If you are running macOS 10.9, you may experience issues when installing Ansible using pip. The following is a workaround that should resolve the issue:

$ sudo CFLAGS=-Qunused-arguments CPPFLAGS=-Qunused-arguments pip install ansible

If you want to update your Ansible version, pip makes it easy via the following command:

$ sudo pip install ansible --upgrade

Similarly, you can upgrade it using the brew command if that was your install method:

$ brew upgrade ansible

Now that you have learned the steps to install Ansible on macOS, let's see how to configure a Windows host for automation with Ansible.

As discussed earlier, there is no direct installation method for Ansible on Windows—simply, it is recommended that, where available, you install WSL and install Ansible as if you were running Linux natively, using the processes outlined earlier in this chapter.

Despite this limitation, however, Ansible is not limited to managing just Linux- and BSD-based systems—it is capable of the agentless management of Windows hosts using the native WinRM protocol, with modules and raw commands making use of PowerShell, which is available in every modern Windows installation.

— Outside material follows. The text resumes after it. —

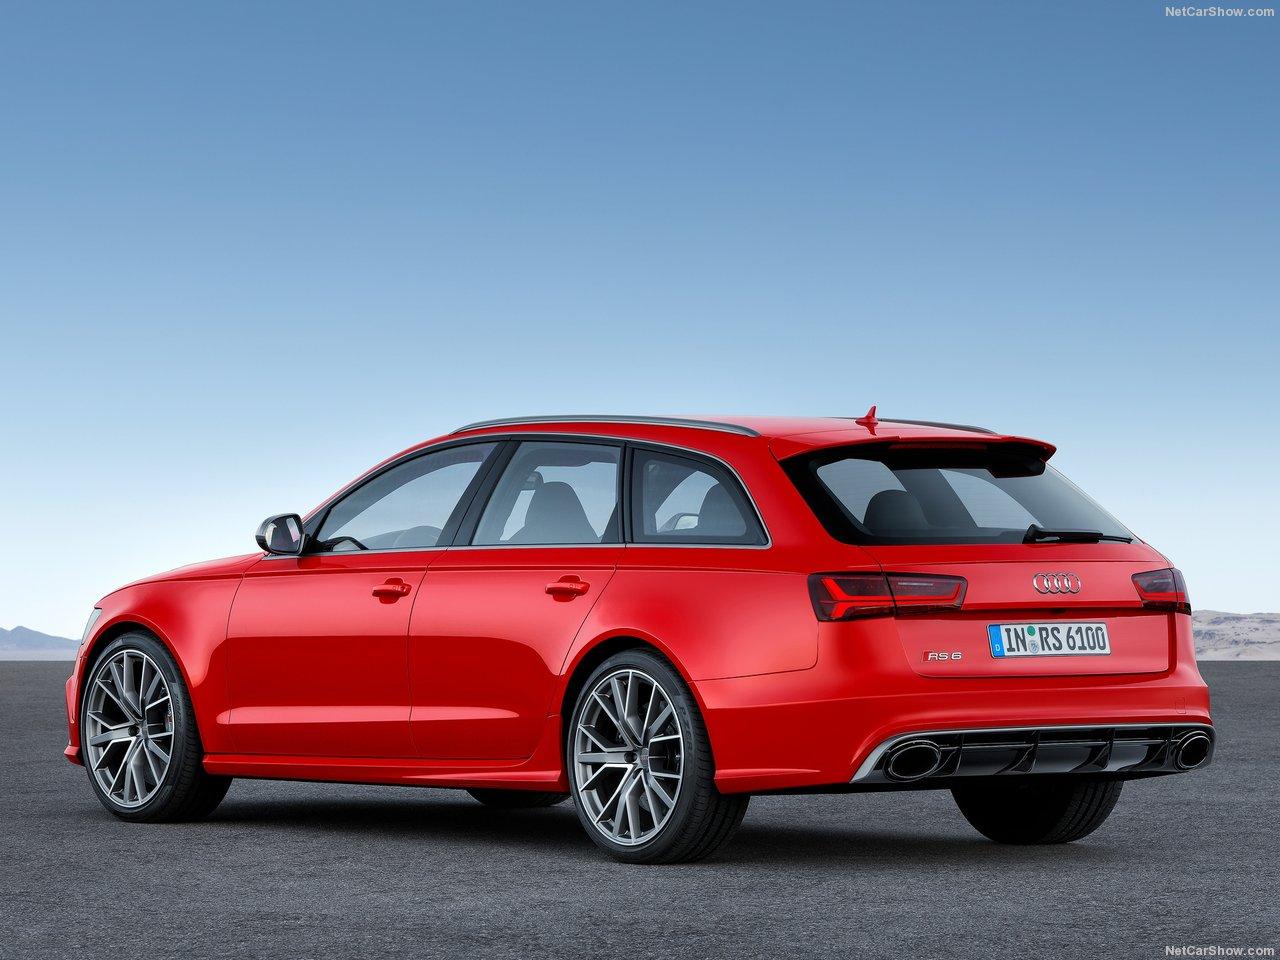 Audi-RS6_Avant_performance_2016_1280x960_wallpaper_08

In this section, you will learn how to configure Windows to enable task automation with Ansible.

Let's look at what Ansible is capable of when automating Windows hosts:

• Gather facts about remote hosts.
• Install and uninstall Windows features.
• Manage and query Windows services.
• Manage user accounts and a list of users.
• Manage packages using Chocolatey (a software repository and accompanying management tool for Windows).
• Perform Windows updates.
• Fetch multiple files from a remote machine to the Windows host.
• Execute raw PowerShell commands and scripts on target hosts.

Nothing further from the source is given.